What is being asked
Skip every picture, and copy exactly the lines from the one containing "Vector colored illustration" to the end of the data.

Dataset excerpt
......

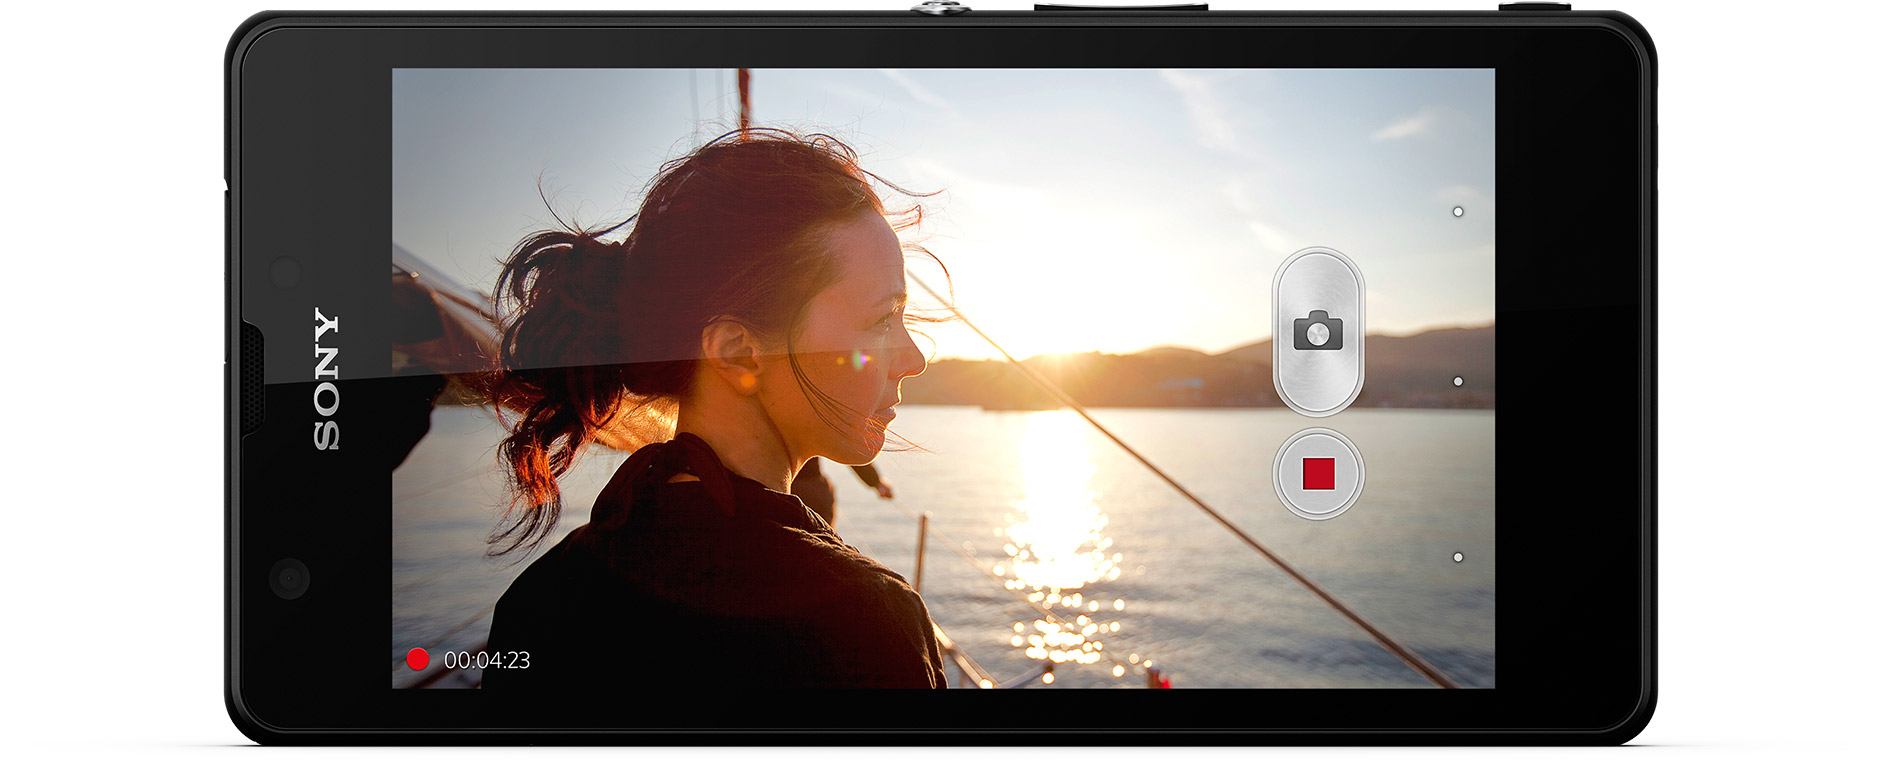 Sony Xperia ZR Full HD video recording.
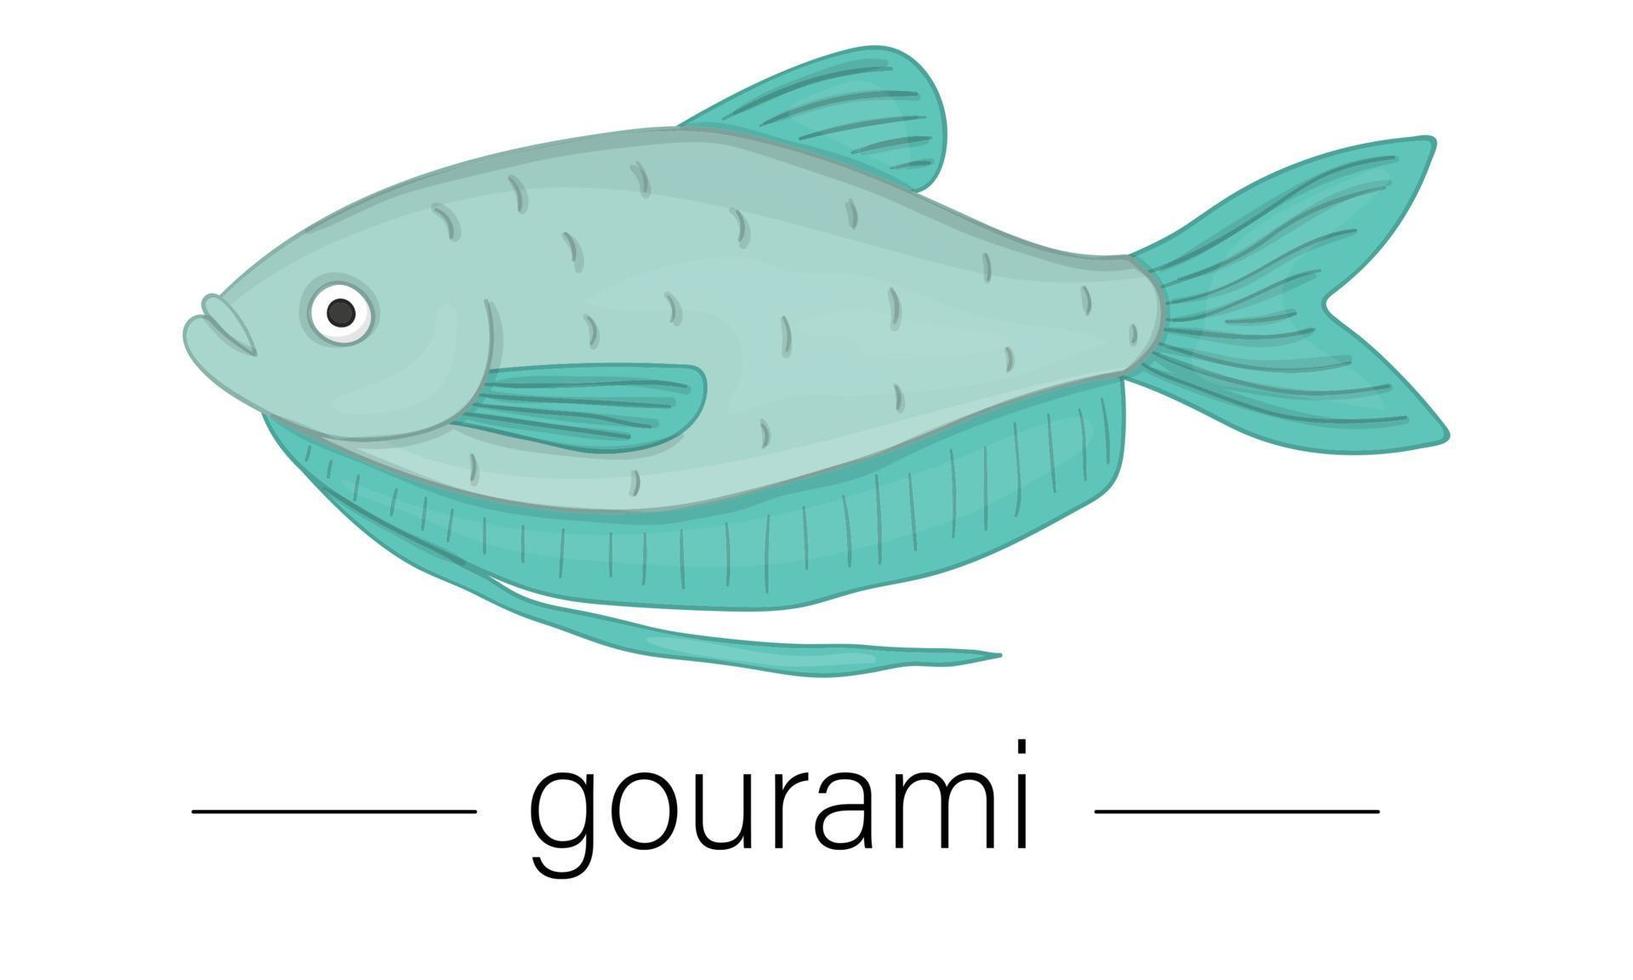 Vector colored illustration of aquarium fish. Cute picture of gourami for pet shops or children illustration
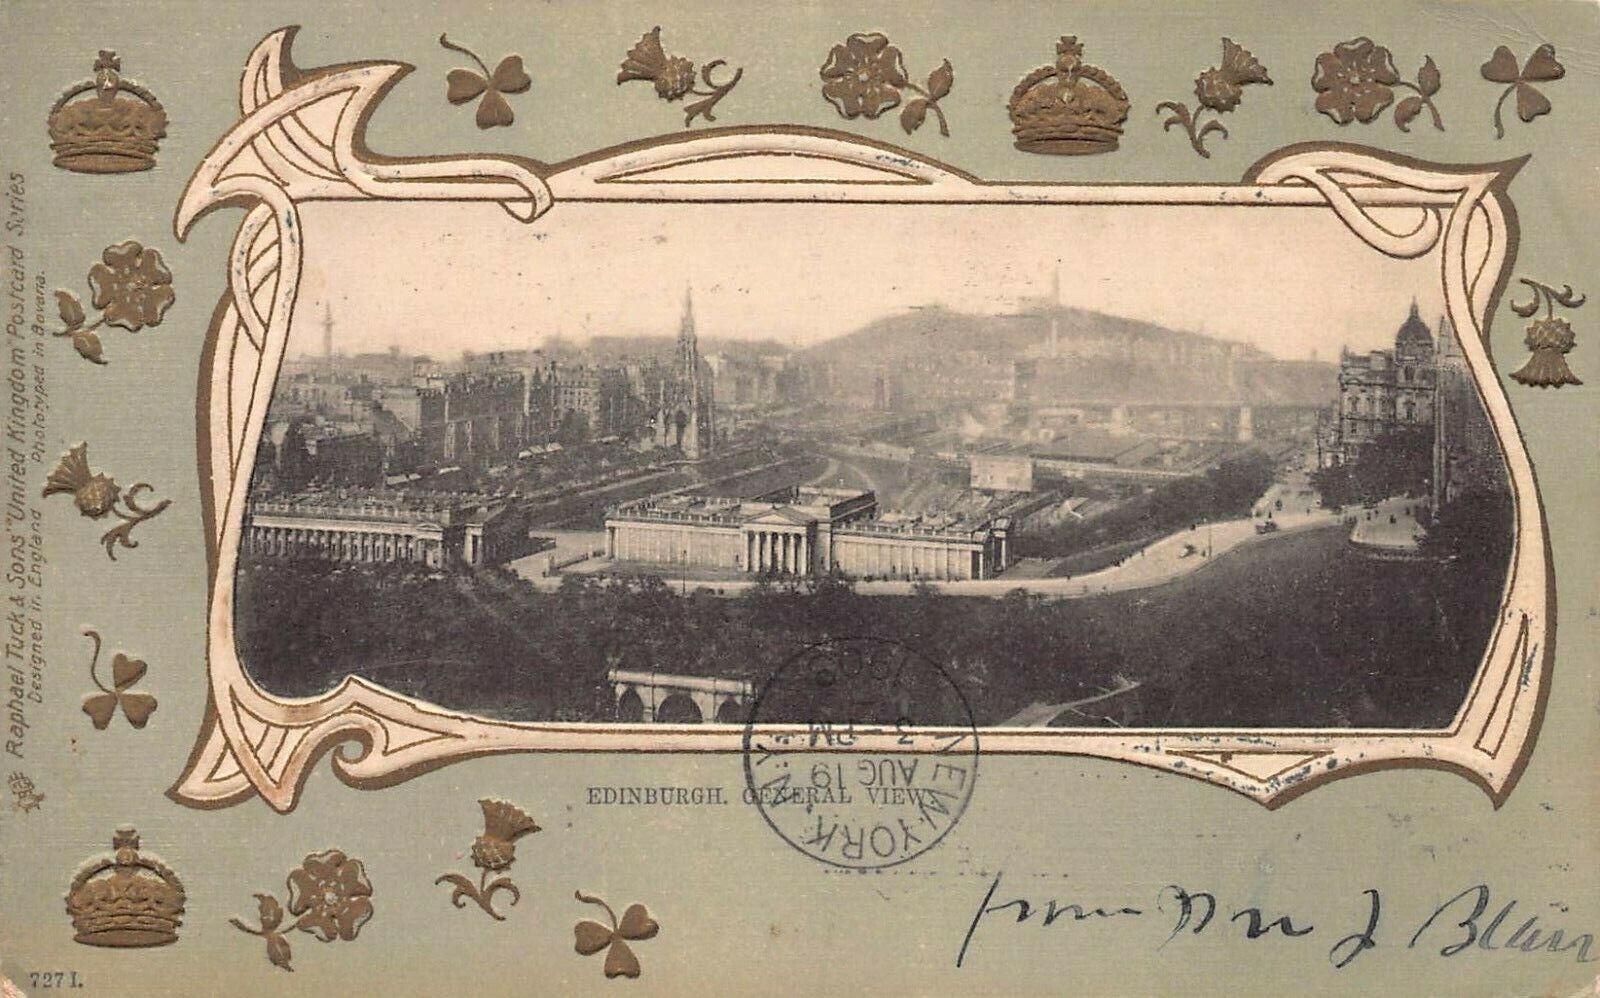 General View of Edinburgh, Scotland, Early Embossed Postcard, Used in 1903
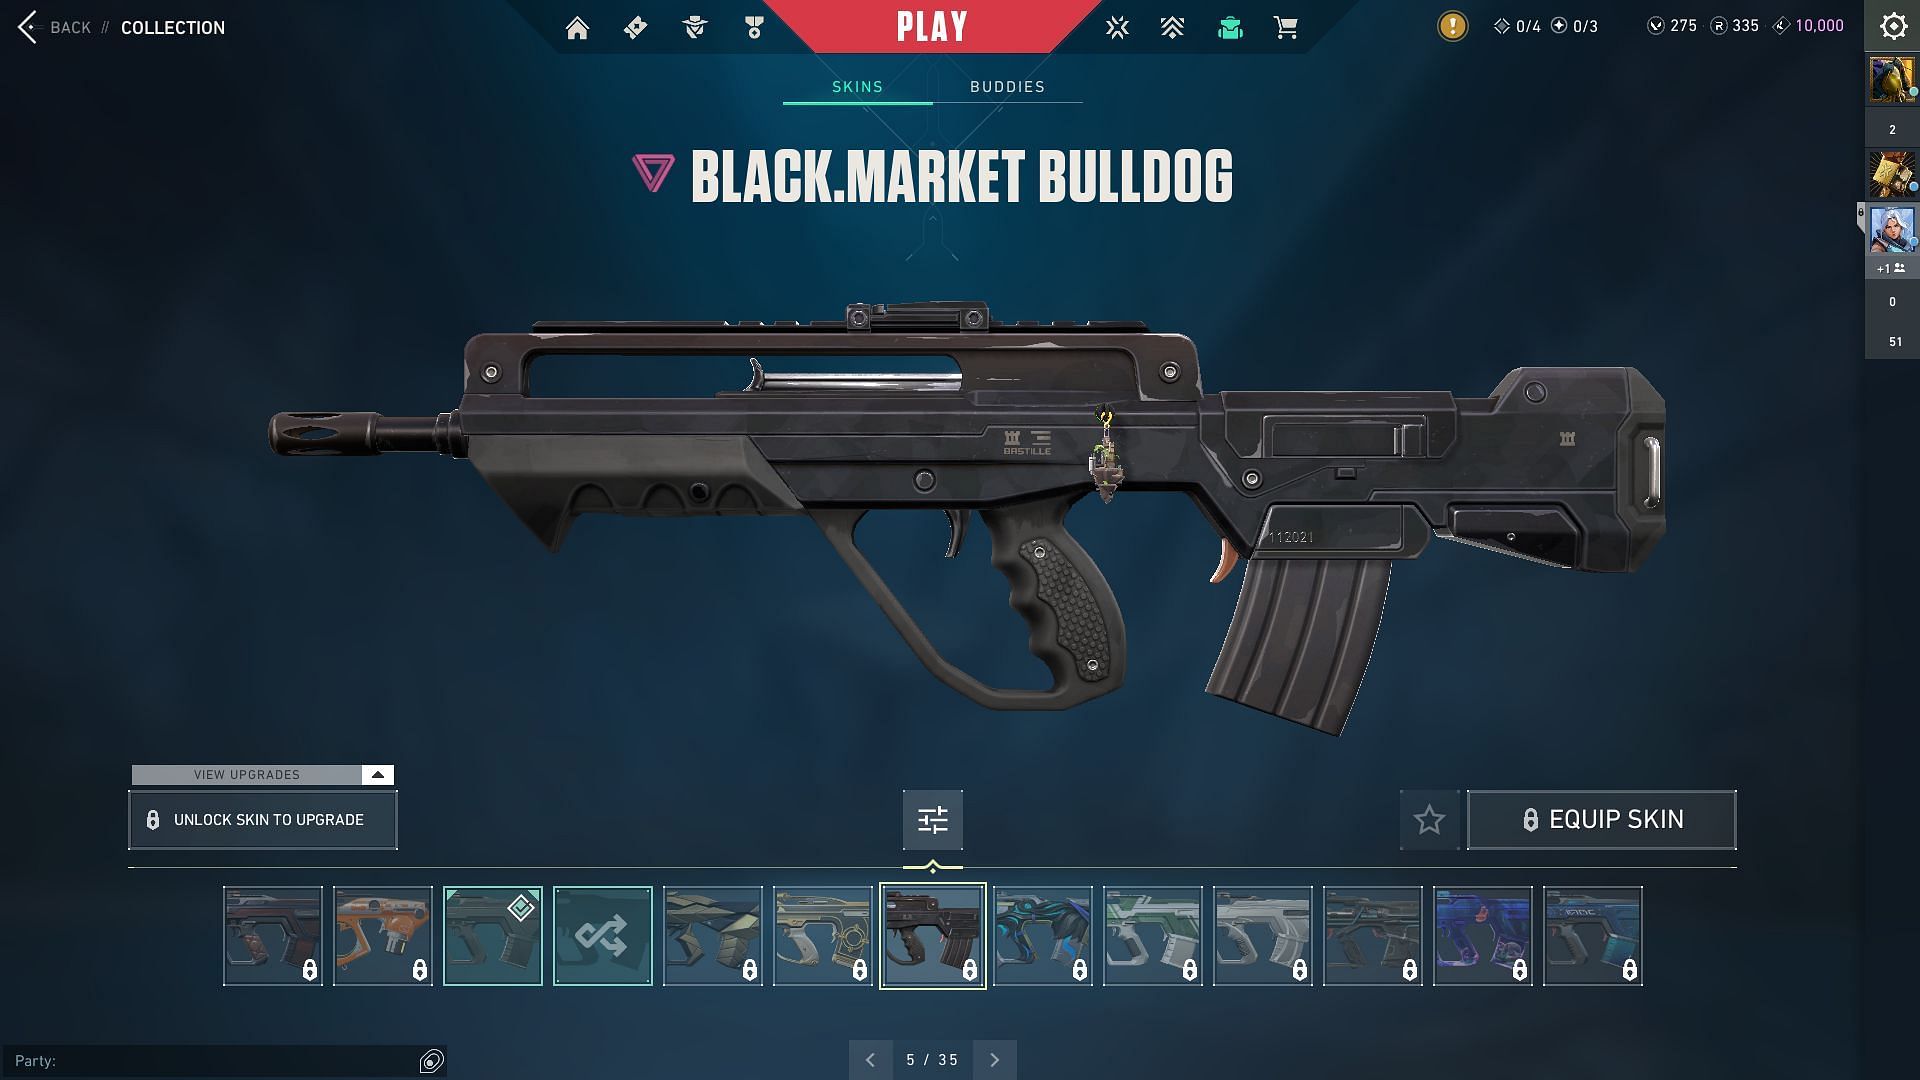 Black.Market Bulldog (Image via Sportskeeda and Riot Games)

......

Final answer
 Vector colored illustration of aquarium fish. Cute picture of gourami for pet shops or children illustration
 General View of Edinburgh, Scotland, Early Embossed Postcard, Used in 1903
 Black.Market Bulldog (Image via Sportskeeda and Riot Games)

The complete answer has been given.